[T3] Leak Down Test and Rich Running

Jeremy Menzies skellzangelz at hotmail.com
Wed Nov 2 21:05:10 PDT 2011










Hello All,
I was doing some diagnostic tests on my stock '71 FI Squareback last week and thought I'd see if anyone had some ideas/input on some of my findings.  I'll try to cut a two month ordeal short.
Story:I drove to San Diego (about 600 miles each way from SF) and on the way back the car started running poorly and losing power.  It felt as if the engine was out of balance and the whole car had a heavy vibration accompanying the power loss.
Data:I finally got some time to take it to do some tinkering with my mechanic friend (who works on old air-cooled Porsches) and found that the #2 cylinder seemed to be not firing (no response from pulled plug wires or injectors).  The plug was black all over the electrode and insulator which I took to be carbon fouling causing it to not spark or spark intermittently (the running problem is somewhat intermittent, driving OK then coming on and off).  So, I figure that's part of why I'm losing it but am not yet positive on why it's fouling in the first place.
Next, I did a compression and leak down test with the following results.Compression:  #1- 135lbs  #2- 130lbs  #3- 140lbs  #4- 140lbs, which is all around about 5lbs lower than the last check, done in July.Leak down:  #1~13%,  #2~45%!  #3~12%  #4~26%
After cleaning the plug (which made it run way better) and a little run around, we hooked it up to the smog machine to find that it's running very rich.  It's showing at least 4.6-5.3% CO at about 850-875 warm idle rpm.  I read one D-Jet manual list 2.8-3.1% for '69-'70 and .7% for '72 (with no listing for '71 and '73).  So, I assume (and my friend was saying) that it should be around 1-2%.  This added some info to the puzzle and led me to concoct the following theory.
Theory one is that #2 is leaking enough past the rings that, when combined with the very rich mixture, is fouling the plug and causing it to drop out.  Along with this, #2 dropping is causing extra wear (26% leak) on #4 since it's right across from #2.  When #2 drops, #4 has to pick up more of it's slack than 1 and 3 and is that is taking more of a toll on #4.  This doesn't explain the rich running and cause of the lost cyl., though.
I'm pretty positive the FI components are all systems go and none are failing outright.  I did a complete check of the FI components before the drive, went through the wiring harness checking resistance and cleaning, and rechecked the two temp sensors the other day, all with positive, in spec. results.  I've also replaced the voltage regulator and have a steady 13-14v at the fuse block (if I remember correctly).

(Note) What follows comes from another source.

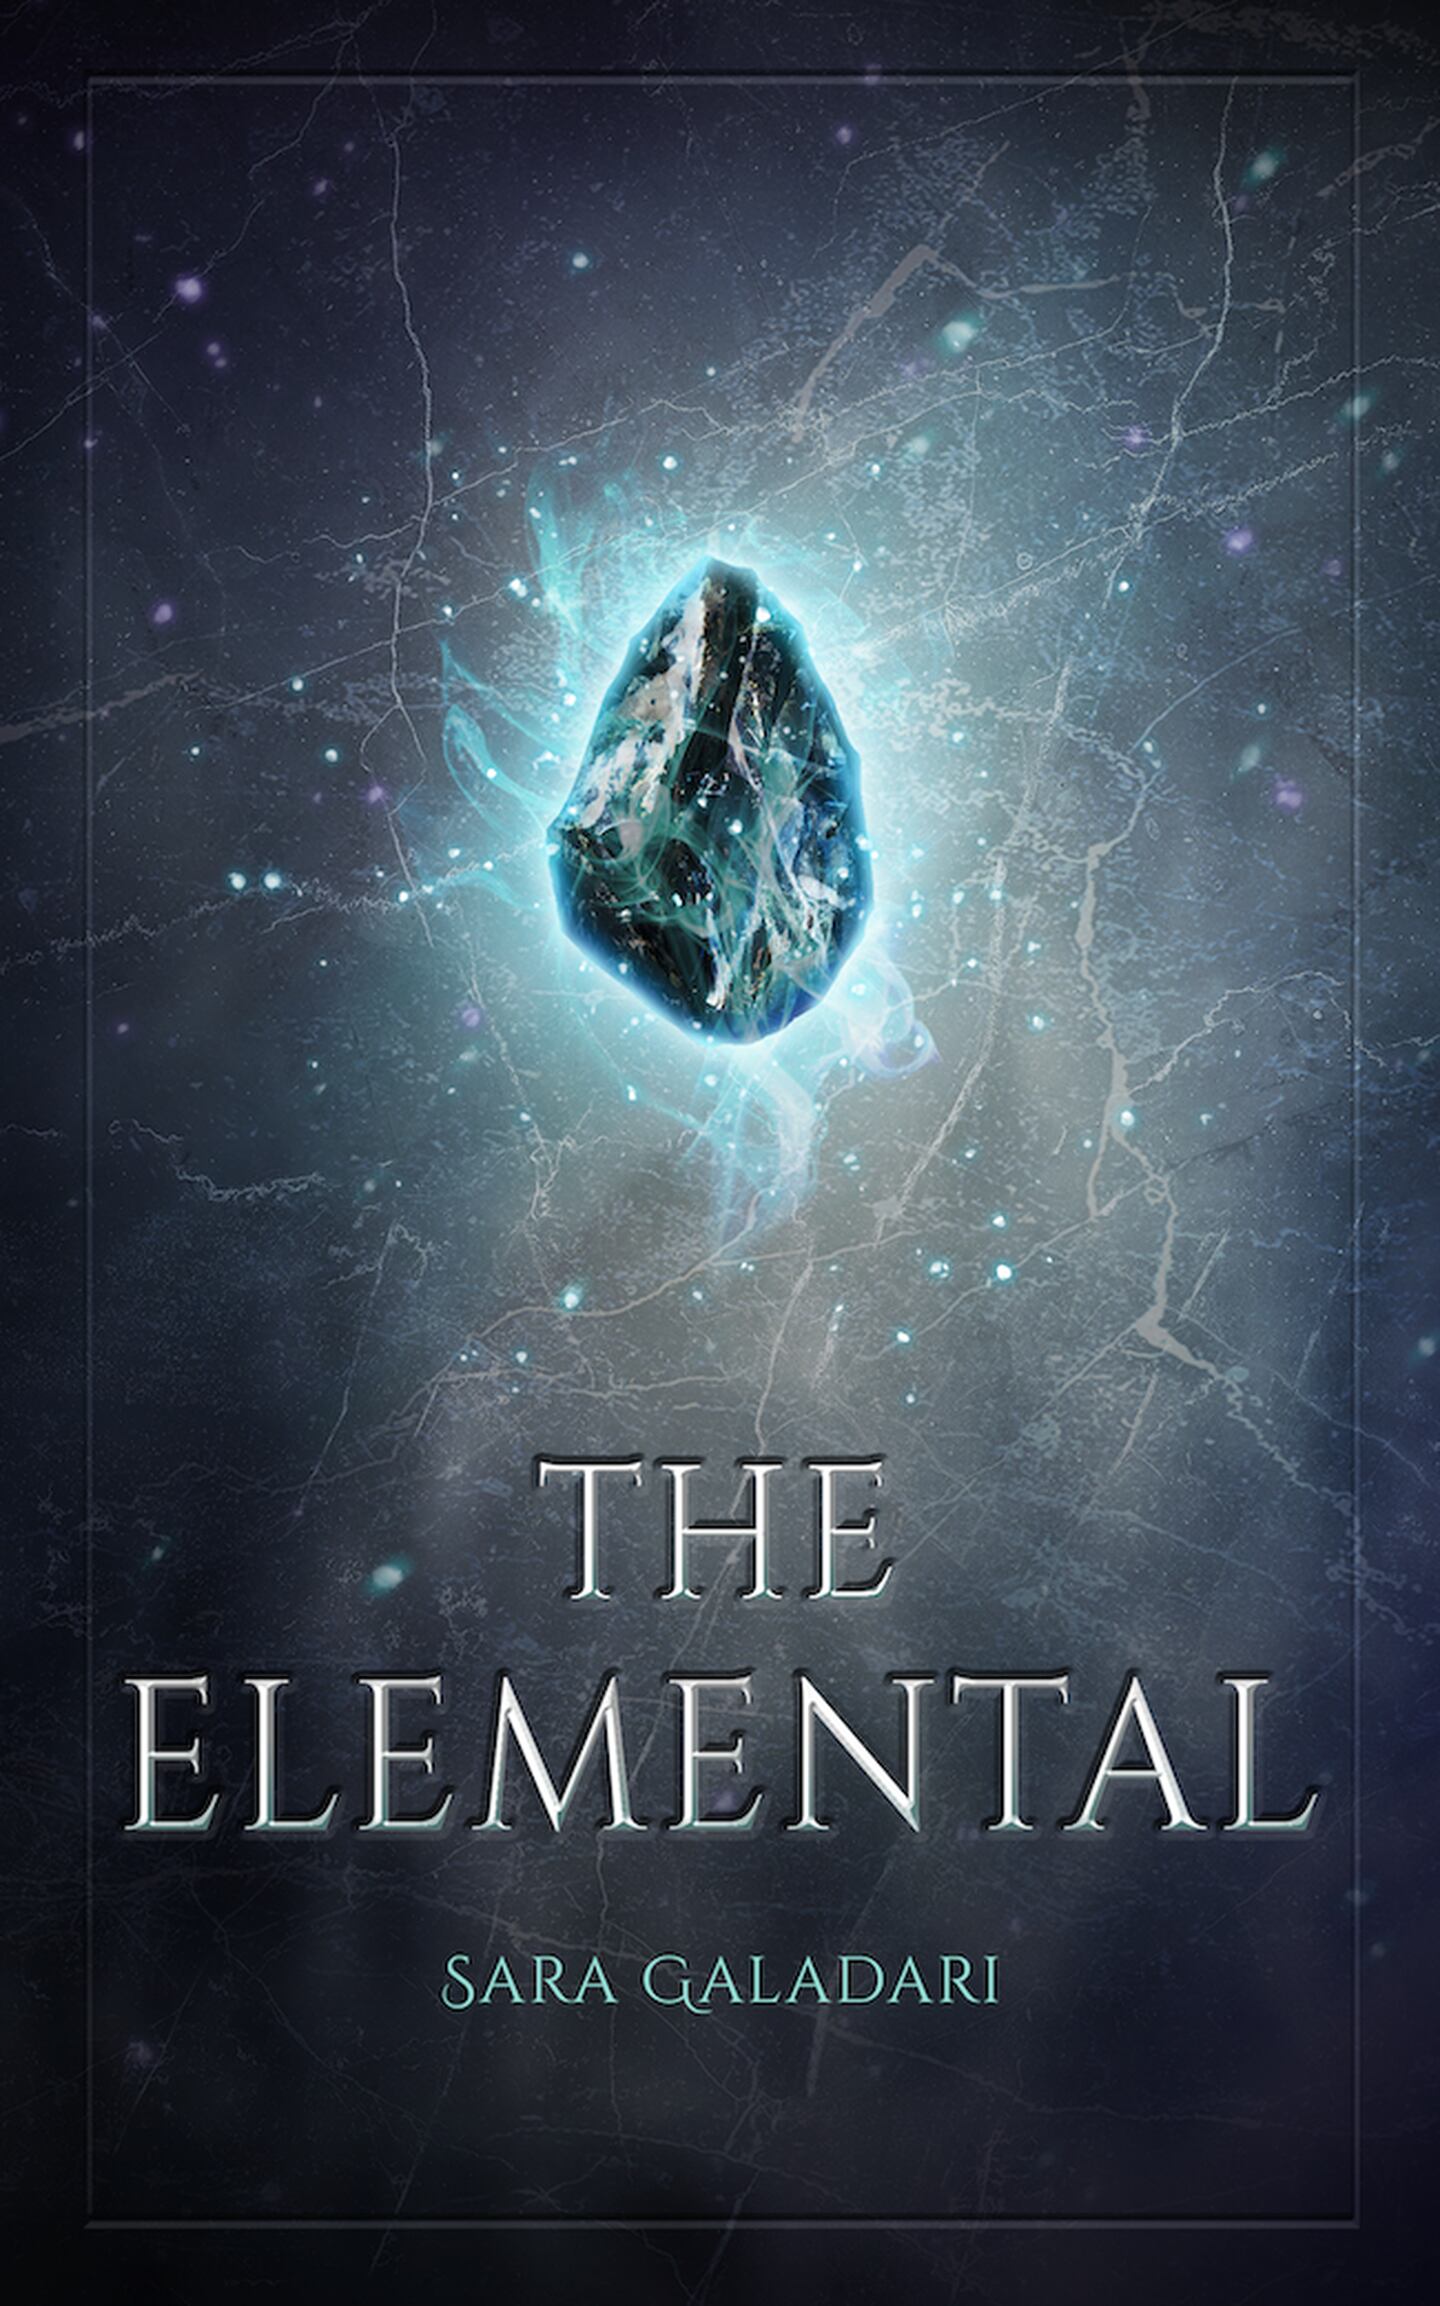 'The Elemental' is a marked departure from Galadari's previous novels.

I'm now wondering what I can try to lean out the mixture and to see if anyone has any input on what could cause such high leak down on #2.  I know that some people (like the previous owner's mechanic) mess with the screw on the MPS but I don't want to get into that because it doesn't seem like the right approach.  I've also heard that putting a small washer on the temp sensor(s) can lean things out but I don't know that that's true.  Does anyone know of some more adjustments or tests I can do to lean it out?  Any other theories on why I'm losing 2?  Are #2 and #4 on a slippery slope that is going to bring the whole lot down sooner than later?
Sorry for the length. I wanted to provide enough information to chew on, hope it's not too long.  Any and all input is welcome!